Em Os livros da Selva, discernimos o relacionamento complexo e muitas vezes contraditório do homem
com a natureza, sobretudo porque esses livros giram em torno da suposição antropocêntrica de que o
homem é o mestre absoluto dos animais, ao mesmo tempo mostrando a força e a brutalidade com que ele
os subjuga. O poder de Mowgli como homem é simbolizado de forma mais sucinta no poder de seu olhar,
que não pode ser sustentado por seus amigos animais quando ele os encara. Se Adão, o primeiro homem,
ganha controle sobre os animais através do ato de lhes dar nome, Mowgli faz o mesmo ao vê-los e
conhecê-los, perpetrando o medo em seus corações. O relacionamento dele com os animais também é um
eco da promessa de Deus a Noé: “Sede o medo e o pavor de todos os animais da terra” (Gênesis 9,2);
essa promessa influencia o mito fundacional da selva contado por Hathi em “Como surgiu o medo”, que
explica por que os animais “[temem] o Homem acima de todas as coisas” (p. 252). Num momento
dramático de “A invasão da Selva”, Mowgli força o rebelde Bagheera a se submeter usando o poder de
seu olhar e de sua linguagem de humano. Isso situa Bagheera no lugar dele, transformando-o no
companheiro afetuoso de Mowgli (“E eu sou apenas uma pantera-negra. Mas te amo, Irmãozinho”, p. 302),
ao mesmo tempo que consolida a posição especial do Homem no mundo animal (“Tu és da Selva e não és
da Selva”, p. 302). Embora essa cena muitas vezes seja interpretada da maneira mais óbvia, como uma
ilustração alegórica do relacionamento entre o colonizador e o colonizado, ela deve ser vista como
primariamente ilustrando aquele entre o homem e os animais, e como mais uma prova de que o controle
do homem sobre o reino animal está no âmago de qualquer relacionamento colonial. Aqui vemos de
maneira indisfarçada a limitação do sonho de Kipling de uma irmandade entre humanos e animais
inspirada pela tradição religiosa oriental: só lhe é permitido existir dentro da estrutura bíblica do
domínio absoluto do homem sobre os animais, e isso dá à súplica de Bagheera a seu “Irmãozinho” um
tom vazio e irônico.
Os livros da Selva de Kipling são um espaço textual único no qual mundos e discursos conflitantes
coexistem: Índia e Grã-Bretanha, homem e natureza, a origem primordial da humanidade e nossa
modernidade, a selva dos sonhos de uma criança e o mundo adulto do trabalho, a adoração sincera do
Oriente e o racismo crasso, entre outras coisas.
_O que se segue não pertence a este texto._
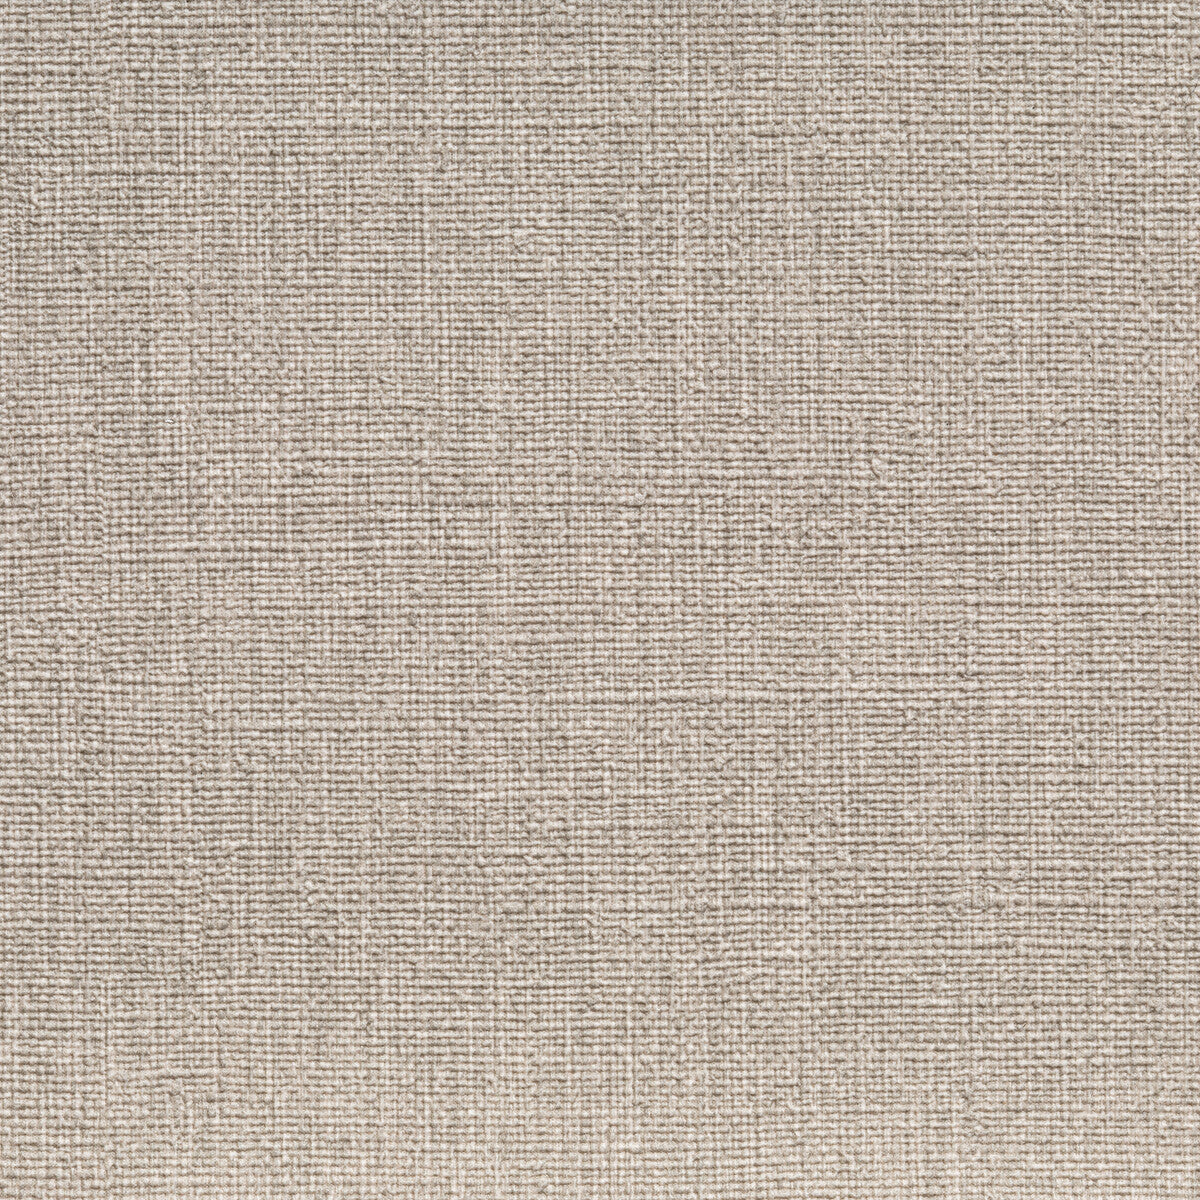 Caslin fabric in sandstone color - pattern CASLIN.11.0 - by Kravet Contract in the Foundations / Value collection

Mowgli habita a interseção entre eles e é
caracteristicamente marcado pela dualidade: através da figura do menino lobo, Kipling inventa um novo
mito do homem moderno. Além disso, Kipling reconhece os mundos dos animais, tanto o real quanto o
imaginário, como uma parte integral do Império com a qual formamos laços íntimos. No fim, os livros
são um registro precioso dos relacionamentos entre humanos e animais que existiam no Raj britânico no
fim do século XIX. Quando Kipling estava fazendo as notas da Sussex Edition de Os livros da Selva,
publicada postumamente em 1937, algumas das descrições já haviam ficado ultrapassadas. Sua nota para
“os bois e elefantes das baterias de canhões Armstrong de vinte quilos” nos informa que eles “não são
necessários agora que virou moda usar máquinas para puxar a artilharia, e essas baterias foram abolidas
há muito tempo”. 63 Esses animais que Kipling havia conhecido na Índia tinham desaparecido àquela
altura, passando a pertencer ao passado e à imaginação.